Kate Anderson Alvin Albert Albert Camus Amazon Barnes Camus SARS
"albert  camus" Discussed on The Eric Metaxas Show

The Eric Metaxas Show

02:01 min | 1 year ago

"albert camus" Discussed on The Eric Metaxas Show

"The Germans bought into this stupid idea. They thought, hey, we're German, which means we're Lutheran, which means Luther invented Christianity as far as we're concerned. He invented this idea of grace, grace means I don't have to do anything, and that's that. And of course, Bonham wrote about cheap grace and the idea that if you don't really understand grace, you treat it like nothing. You know, you treat what God has done for you like nothing, which means you don't get it, which means you don't believe which means forget about grace. There's no grace because you have an appropriate degree. I really believe for other reasons the church in America today has done the same thing. I think there are different reasons, but there are tons of people who've excoriated people like me and Frank and said, you've made an idol of politics. You've made an idol of Donald Trump. You know, ridiculous things. And the point is no, we just believe that our faith touches everything. It's not some little parochial religious thing that stays in the corner, like the official church is doing China. It's something that has to come out of the church and live everywhere.

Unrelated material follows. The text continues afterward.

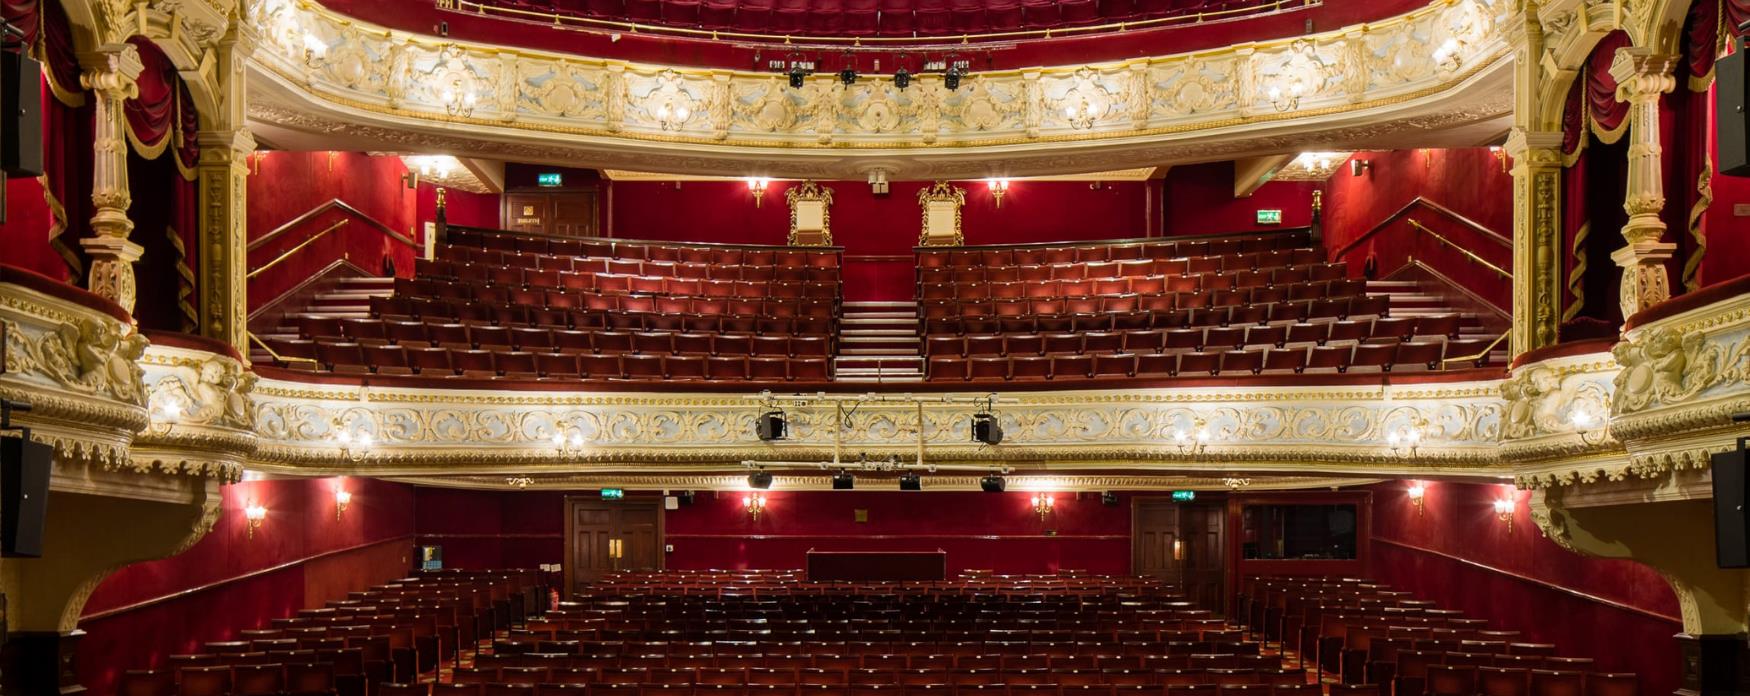 View of Richmond theatre - Richmond Theatre Interior

We have a free exercise of religion, freedom to do that. So if you keep it in this little religious theological corner, then it's phony. It's abbreviated faith. If you don't live it out in the school, on the workplace, on the radio, on the whatever it is, if you don't do that, you don't really believe it. Your phony. So when people talk about, I just want to preach the gospel. I don't want to be I don't want to be political. We think that's just stupid. That makes no sense. Because if you're a Jew in a boxcar going to Treblinka or Auschwitz, you think, you know, I would love it if there was some Christians out there on the other side of this boxcar who believed what they said and would get political and stand up against the system that is sending me my family to death. That means getting political.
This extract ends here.